Bersama Lazio, pelatih yang kini berusia 52 tahun itu meraih kesuksesan dengan mengantarkan tim asuhannya menjuarai Copa Italia 2013. Faktor disiplin dan kebersamaan menjadi modal Petkovic dalam menangani tim.
Pelatih yang punya julukan The Doctor ini melarang keras siapapun membawa gadget dalam pertemuan tim. Para pemain pun diharuskan memakai sepatu dengan rapi ketika makan.
Petkovic juga meminta seluruh anggota tim untuk makan bersama demi menjaga kekompakan dan soliditas. Berbagai hal tersebut menjadi contoh disiplin yang diterapkannya.
Soal gaya main dan perlakuan disiplin itu, ia mengaku terinspirasi dengan apa yang dikembangkan oleh manajer asal Italia, Fabio Capello. Semasa menangani Lazio, Petkovic memiliki formasi favorit 3-4-3 atau 4-3-3.
Dengan formasi tersebut, Swiss menjanjikan permainan menyerang dan atraktif. Sebanyak 24 gol dari 10 pertandingan yang dilesakkan Swiss pada babak kualifikasi menjadi pertanda racikan Petkovic punya agresivitas yang tak bisa dianggap remeh oleh lawan manapun.
Legenda:
Stephane Chapuisat
Stephane Chapuisat adalah salah satu pemain tersukses yang pernah dimiliki Swiss. Semasa bermain buat timnas pada periode 1989 hingga 2004, Chapuisat yang bermain di posisi striker ini mengoleksi 21 gol dari 103 penampilan.
Ia tampil di Piala Dunia 1994, Piala Eropa 1996, dan Piala Eropa 2004. Namun sayang, pada tiga turnamen besar itu, penampilan Swiss tak pernah bagus dan selalu rontok pada babak pertama.
Chapuisat justru memiliki penampilan bagus dan ketajaman ketika tampil bersama klubnya, Borussia Dortmund. Bersama klub Bundesliga Jerman itu, ia tampil sebanyak 218 dan mencetak 102 gol.

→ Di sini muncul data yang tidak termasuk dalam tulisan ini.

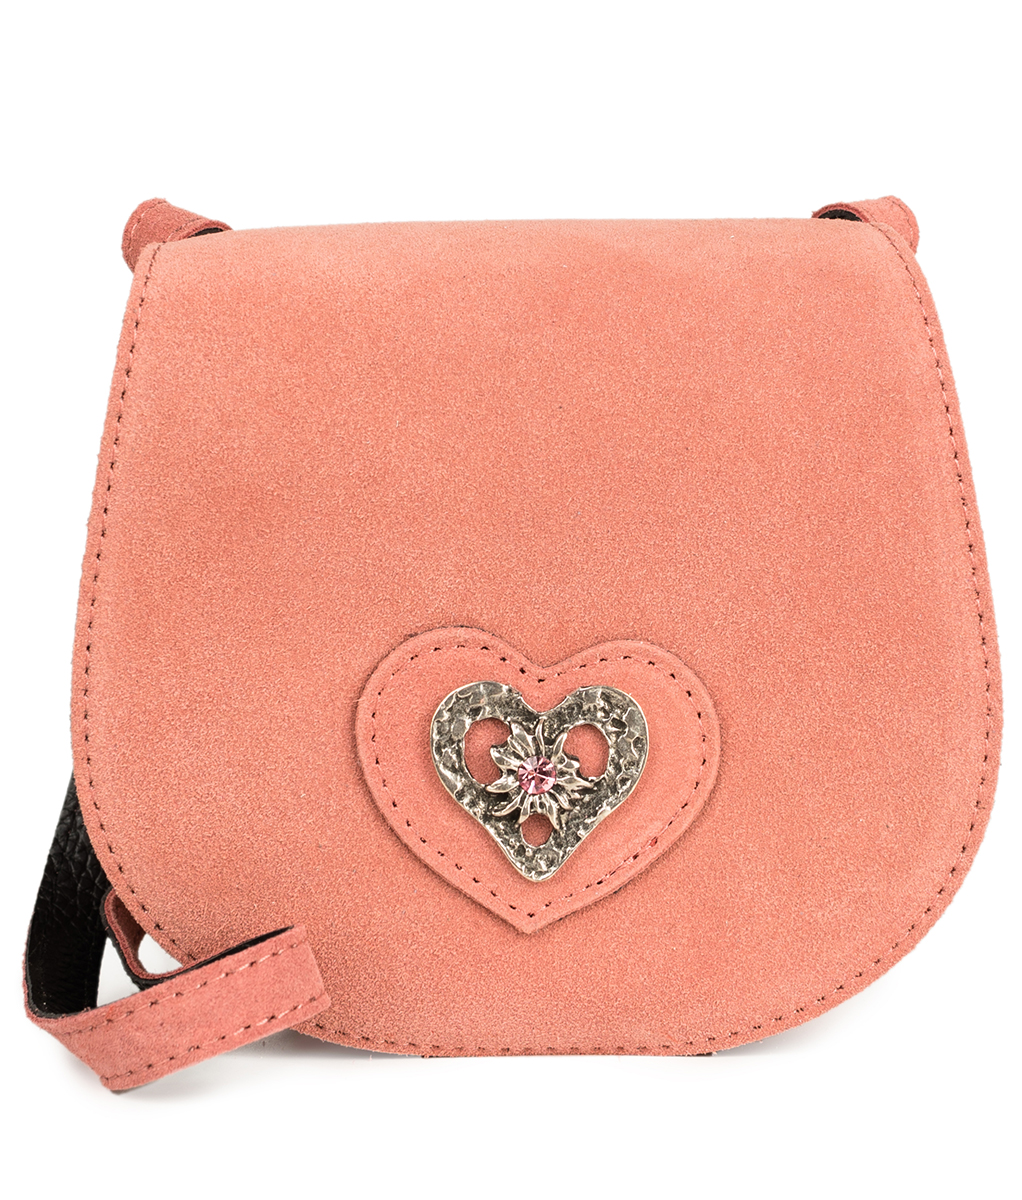 Traditional leather bag with heart TA30340-8489 pink von Schuhmacher
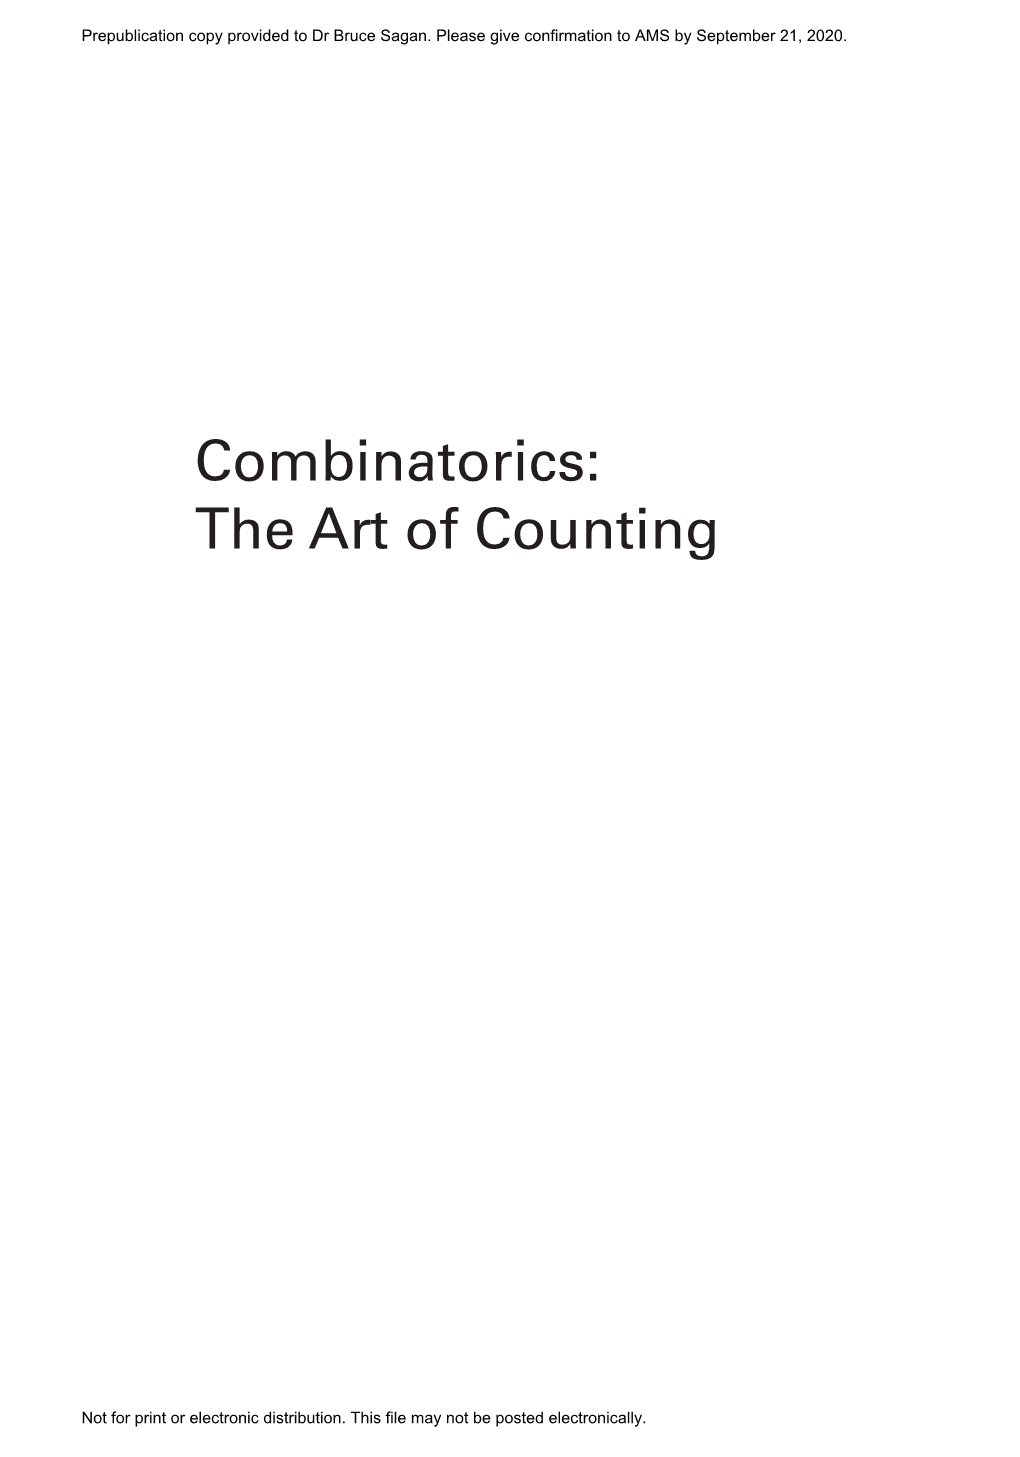 Combinatorics: the Art of Counting

Pria yang kini berusia 46 tahun itu sempat merasakan gelar juara Bundesliga pada 1995 dan 1996. Gelar lain yang diraihnya bersama Dortmund adalah Supercup DFB 1995 dan 1996, Liga Champions 1997, dan Piala Intercontinental 1997.
Salah satu momen paling dikenang oleh Chapuisat adalah ketika ia mencetak gol dalam laga perempat final Liga Champions 1997 lawan Bayern Munchen. “Laga sesama Jerman itu sungguh spesial. Gol yang saya cetak malam itu tak akan terlupakan hingga kapanpun,” ujar Chapuisat.
Pada 2003, Federasi Sepak bola Swiss menganugerahi Chapuisat dengan penghargaan pemain paling berpengaruh sepanjang 50 tahun terakhir. Namun, ia tetap berusaha merendah dan tak menganggap diri sebagai pemain terbaik yang pernah dipunyai Swiss.
“Saya tak merasa sebagai pemain hebat buat Swiss karena sebagian besar karir saya justru dihabiskan bersama Dortmund,” kata Chapuisat dalam sebuah wawancara dalam situs FIFA.
Ia pensiun dari lapangan hijau pada 2006. Setelah pensiun, ia belum menekuni karir sebagai pelatih kepala. Chapuisat hanya melatih pemain-pemain muda yang berposisi sebagai striker, sama seperti dirinya dulu.